20. A Boy Named Sue (Johnny Cash)

This was written by the multitalented Shel Silverstein, who later wrote several hits for Dr. Hook, including "Sylvia's Mother" and "Cover Of The Rolling Stone." Silverstein also wrote several popular children's books. 

This is about a boy who grows up angry at his father not only for leaving his family, but for naming him Sue. When the boy grows up, he sees his father in a bar and gets in a fight with him. After his father explains that he named him Sue to make sure he was tough, the son understands. 

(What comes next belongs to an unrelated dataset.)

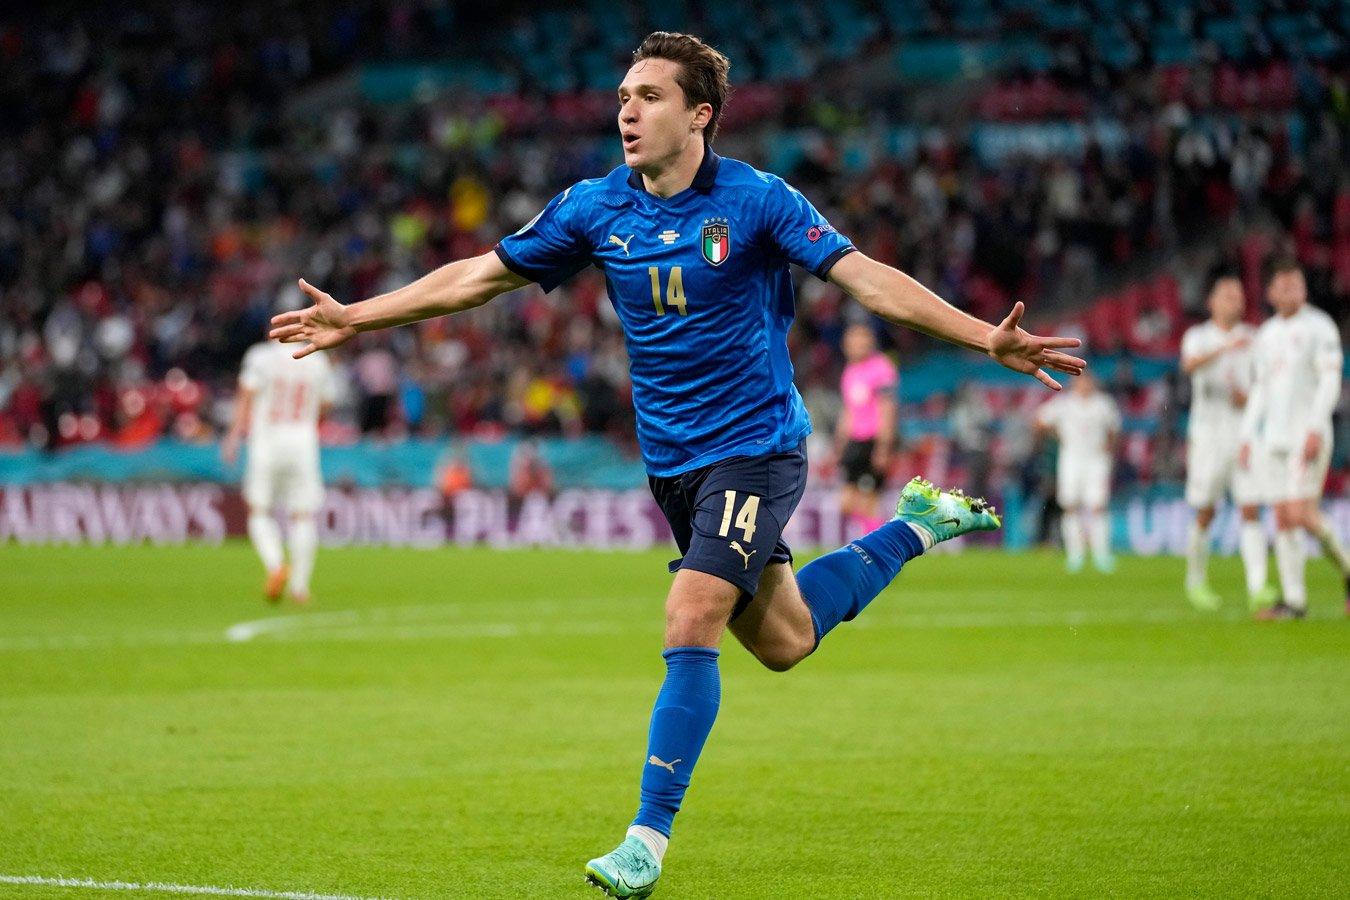 Сборная Италии вышла в финал Евро-2020, обыграв Испанию в серии пенальти

Cash recorded this live at San Quentin Prison in February, 1969. Silverstein's nephew Mitch Myers tell the story: "In those days in Nashville, and for all the people that would visit, the most fun that anyone really could have would be to go over to someone's house and play music. And they would do what one would call a 'Guitar Pull,' where you grabbed a guitar and you played one of your new songs, then someone else next to you would grab it and do the same, and there were people like Johnny Cash or Joni Mitchell, people of that caliber in the room. Shel sang his song 'Boy Named Sue,' and Johnny's wife June Carter thought it was a great song for Johnny Cash to perform. And not too long after that they were headed off to San Quentin to record a record - Live At San Quentin - and June said, 'Why don't you bring that Shel song with you.' And so they brought the lyrics. And when he was on stage he performed that song for the first time ever, he performed it live in front of that captive audience, in every sense of the word. He had to read the lyrics off of the sheet of paper that was at the foot of the stage, and it was a hit. And it wasn't touched up, it wasn't produced or simulated. They just did it, and it stuck. And it rang. I would say that it would qualify in the realm of novelty, a novelty song. Shel had a knack for the humorous and the kind of subversive lyrics. But they also were so catchy that people could not resist them." 

Shel Silverstein went on to write another song titled "The Father of the Boy Named Sue." It's the same story, but from the father's point of view.